Zunächst: Es gibt nicht ein einziges Hantavirus, sondern viele verschiedene Spezies, erklärt Henning Grüll, Virologe an der Uniklinik Köln. „Ein Hantavirus, das man sich in Köln einfängt, unterscheidet sich stark von einem Hantavirus in Argentinien oder in China.“ Das zeige sich in unterschiedlichen Krankheitsbildern und ‑verläufen.
In Europa ist überwiegend die Niere betroffen, es kann zu Fieber und Einblutungen kommen – allerdings ist der Verlauf meist mild. „Viele kriegen von der Erkrankung gar nichts mit und der Körper erholt sich von allein“, so Grüll. Vereinzelt seien Dialysen notwendig. Laut Robert-Koch-Institut liegt die Sterblichkeit für die in Deutschland vorkommende Variante bei unter einem Prozent.
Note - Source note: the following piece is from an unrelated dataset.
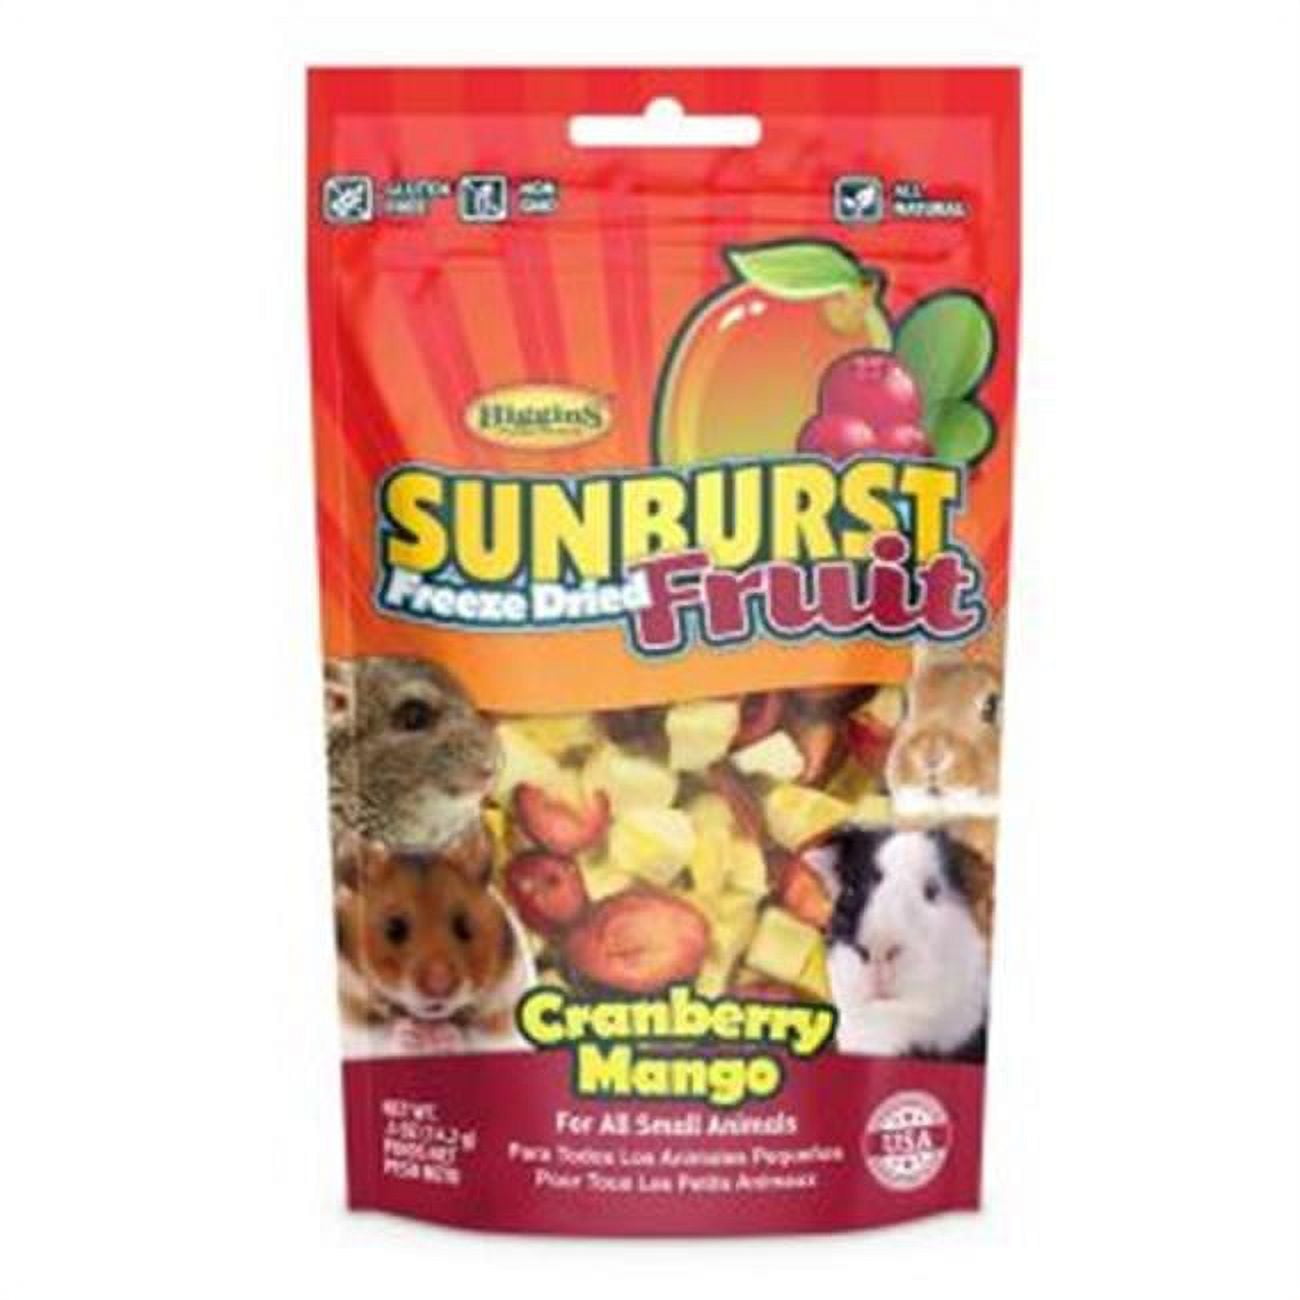 Hs32320 0.5 Oz Sunburst Freeze Dried Fruits For Small Animals Pet Foods - Cranberry & Mango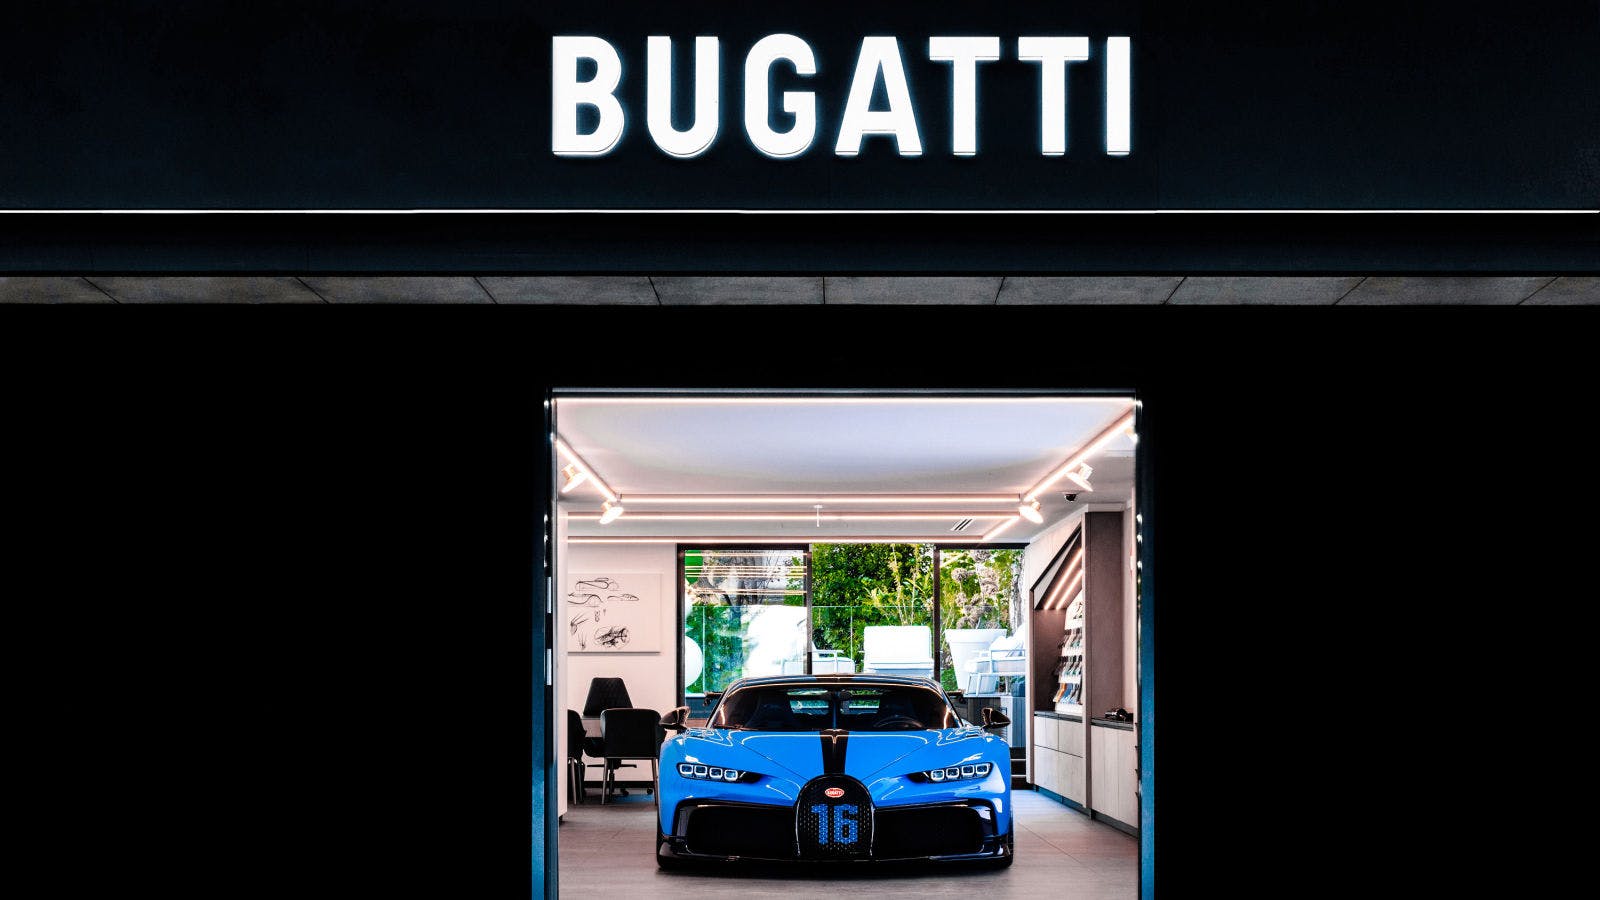 Bugatti’s new corporate look and feel at Bugatti’s dealer partners.

Die amerikanische Spezies, also die, die mutmaßlich auf dem Schiff ausgebrochen ist, äußert sich im kardio-pulmonalen Syndrom. Betroffen ist vor allem die Lunge. Auch die Patienten auf dem Kreuzfahrtschiff zeigten Symptome wie Atemnot und Kurzatmigkeit, aber auch Fieber und Magen-Darm-Beschwerden, wie die WHO berichtet. Der Krankheitsverlauf sei deutlich schneller und schwerer und ende häufiger in intensivmedizinischer Behandlung, erklärt der Kölner Virologe. Laut WHO liegt die Sterblichkeit bei bis zu 50 Prozent.
Wie wird das Virus übertragen?
Die Viren werden meist durch Staub übertragen, der mit Ausscheidungen von Nagetieren kontaminiert ist. Weder Bisse noch direkter Hautkontakt mit den Tieren sorgen für etwaige Ansteckungen, sondern die Übertragung durch die Luft.

Die Rötelmaus ist der Wirt der europäischen Hantavirus-Variante (Puumala-Virus).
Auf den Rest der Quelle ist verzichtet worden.